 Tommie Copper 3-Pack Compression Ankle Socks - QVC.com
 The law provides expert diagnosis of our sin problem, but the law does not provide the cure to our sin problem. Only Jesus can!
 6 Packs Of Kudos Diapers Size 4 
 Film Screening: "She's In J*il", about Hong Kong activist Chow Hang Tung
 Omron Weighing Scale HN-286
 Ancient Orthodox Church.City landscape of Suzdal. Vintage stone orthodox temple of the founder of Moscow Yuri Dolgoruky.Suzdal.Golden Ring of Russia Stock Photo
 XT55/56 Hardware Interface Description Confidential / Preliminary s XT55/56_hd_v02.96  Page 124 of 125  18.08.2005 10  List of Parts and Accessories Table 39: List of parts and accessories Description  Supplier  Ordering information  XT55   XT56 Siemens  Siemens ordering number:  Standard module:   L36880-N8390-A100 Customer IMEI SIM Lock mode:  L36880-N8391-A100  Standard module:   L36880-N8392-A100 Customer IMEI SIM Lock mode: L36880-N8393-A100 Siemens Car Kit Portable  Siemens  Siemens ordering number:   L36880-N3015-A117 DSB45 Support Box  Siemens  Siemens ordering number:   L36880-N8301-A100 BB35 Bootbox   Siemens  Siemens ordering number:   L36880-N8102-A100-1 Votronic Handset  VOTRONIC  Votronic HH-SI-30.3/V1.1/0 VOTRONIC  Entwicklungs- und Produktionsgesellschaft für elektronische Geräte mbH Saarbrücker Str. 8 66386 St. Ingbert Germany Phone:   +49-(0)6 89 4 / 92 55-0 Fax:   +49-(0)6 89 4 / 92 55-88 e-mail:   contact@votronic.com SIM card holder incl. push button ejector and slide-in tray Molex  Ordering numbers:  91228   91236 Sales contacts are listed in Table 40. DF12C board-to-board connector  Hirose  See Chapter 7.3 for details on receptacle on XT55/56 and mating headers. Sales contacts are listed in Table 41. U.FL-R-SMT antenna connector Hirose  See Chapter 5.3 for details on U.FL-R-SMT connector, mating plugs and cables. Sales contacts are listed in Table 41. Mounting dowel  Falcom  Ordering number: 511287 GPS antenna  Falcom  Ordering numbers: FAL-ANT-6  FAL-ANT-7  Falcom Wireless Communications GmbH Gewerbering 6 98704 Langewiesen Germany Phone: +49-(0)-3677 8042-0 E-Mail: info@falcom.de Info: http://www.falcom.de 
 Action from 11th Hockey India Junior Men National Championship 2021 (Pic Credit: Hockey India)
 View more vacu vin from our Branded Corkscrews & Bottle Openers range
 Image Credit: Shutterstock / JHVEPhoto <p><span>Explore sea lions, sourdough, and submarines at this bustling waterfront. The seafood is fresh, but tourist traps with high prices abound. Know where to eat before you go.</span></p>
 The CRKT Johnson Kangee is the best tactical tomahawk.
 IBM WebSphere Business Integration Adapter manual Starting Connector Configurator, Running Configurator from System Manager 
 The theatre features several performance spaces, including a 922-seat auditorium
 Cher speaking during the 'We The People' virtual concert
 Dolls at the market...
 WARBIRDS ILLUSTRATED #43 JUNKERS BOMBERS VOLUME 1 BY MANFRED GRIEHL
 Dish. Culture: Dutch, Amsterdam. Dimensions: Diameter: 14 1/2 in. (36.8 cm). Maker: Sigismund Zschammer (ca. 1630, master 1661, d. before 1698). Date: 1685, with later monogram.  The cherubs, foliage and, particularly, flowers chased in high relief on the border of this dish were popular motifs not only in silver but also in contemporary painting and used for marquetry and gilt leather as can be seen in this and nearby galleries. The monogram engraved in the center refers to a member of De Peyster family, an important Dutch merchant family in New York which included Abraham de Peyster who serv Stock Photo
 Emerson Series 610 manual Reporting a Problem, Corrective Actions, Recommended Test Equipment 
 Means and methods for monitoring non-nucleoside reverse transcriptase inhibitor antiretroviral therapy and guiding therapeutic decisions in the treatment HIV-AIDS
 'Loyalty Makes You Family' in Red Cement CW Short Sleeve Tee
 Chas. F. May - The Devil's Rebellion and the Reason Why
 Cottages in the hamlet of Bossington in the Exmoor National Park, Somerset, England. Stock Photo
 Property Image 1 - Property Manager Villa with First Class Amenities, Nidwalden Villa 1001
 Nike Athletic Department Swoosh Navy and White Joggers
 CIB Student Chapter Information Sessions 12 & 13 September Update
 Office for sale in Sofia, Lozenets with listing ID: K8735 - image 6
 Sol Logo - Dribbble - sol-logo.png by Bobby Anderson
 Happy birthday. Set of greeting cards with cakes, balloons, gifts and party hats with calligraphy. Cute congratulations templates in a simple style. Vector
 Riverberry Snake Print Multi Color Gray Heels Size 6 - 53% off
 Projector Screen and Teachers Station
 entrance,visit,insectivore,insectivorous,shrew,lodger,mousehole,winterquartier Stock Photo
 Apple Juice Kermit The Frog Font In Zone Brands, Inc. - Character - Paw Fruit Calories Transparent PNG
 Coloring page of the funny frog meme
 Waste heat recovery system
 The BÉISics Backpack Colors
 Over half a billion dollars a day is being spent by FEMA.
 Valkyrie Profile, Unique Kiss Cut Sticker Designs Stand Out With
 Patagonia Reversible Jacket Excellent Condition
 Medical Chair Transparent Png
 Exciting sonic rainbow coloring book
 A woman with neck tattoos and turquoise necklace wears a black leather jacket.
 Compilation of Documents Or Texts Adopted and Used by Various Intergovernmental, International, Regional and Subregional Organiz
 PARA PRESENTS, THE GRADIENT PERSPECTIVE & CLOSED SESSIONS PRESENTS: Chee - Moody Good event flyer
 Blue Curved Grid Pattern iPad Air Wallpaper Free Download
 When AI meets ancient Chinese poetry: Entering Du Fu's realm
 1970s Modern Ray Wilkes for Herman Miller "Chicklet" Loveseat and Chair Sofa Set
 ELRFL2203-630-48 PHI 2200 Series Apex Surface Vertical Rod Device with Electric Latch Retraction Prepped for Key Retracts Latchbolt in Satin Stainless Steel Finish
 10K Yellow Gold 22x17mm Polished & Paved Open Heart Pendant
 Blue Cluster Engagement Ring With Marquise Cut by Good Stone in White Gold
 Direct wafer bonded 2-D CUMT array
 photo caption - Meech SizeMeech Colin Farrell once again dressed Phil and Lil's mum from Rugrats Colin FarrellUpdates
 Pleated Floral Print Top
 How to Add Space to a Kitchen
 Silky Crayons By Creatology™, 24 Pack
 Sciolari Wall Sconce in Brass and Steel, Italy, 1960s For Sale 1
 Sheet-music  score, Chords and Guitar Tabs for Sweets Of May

What the exercise asks :: Would you restate word for word every line from the one holding "Compilation of Documents" to the end of the entries, both ends included?

Solved problem ::
 Compilation of Documents Or Texts Adopted and Used by Various Intergovernmental, International, Regional and Subregional Organiz
 PARA PRESENTS, THE GRADIENT PERSPECTIVE & CLOSED SESSIONS PRESENTS: Chee - Moody Good event flyer
 Blue Curved Grid Pattern iPad Air Wallpaper Free Download
 When AI meets ancient Chinese poetry: Entering Du Fu's realm
 1970s Modern Ray Wilkes for Herman Miller "Chicklet" Loveseat and Chair Sofa Set
 ELRFL2203-630-48 PHI 2200 Series Apex Surface Vertical Rod Device with Electric Latch Retraction Prepped for Key Retracts Latchbolt in Satin Stainless Steel Finish
 10K Yellow Gold 22x17mm Polished & Paved Open Heart Pendant
 Blue Cluster Engagement Ring With Marquise Cut by Good Stone in White Gold
 Direct wafer bonded 2-D CUMT array
 photo caption - Meech SizeMeech Colin Farrell once again dressed Phil and Lil's mum from Rugrats Colin FarrellUpdates
 Pleated Floral Print Top
 How to Add Space to a Kitchen
 Silky Crayons By Creatology™, 24 Pack
 Sciolari Wall Sconce in Brass and Steel, Italy, 1960s For Sale 1
 Sheet-music  score, Chords and Guitar Tabs for Sweets Of May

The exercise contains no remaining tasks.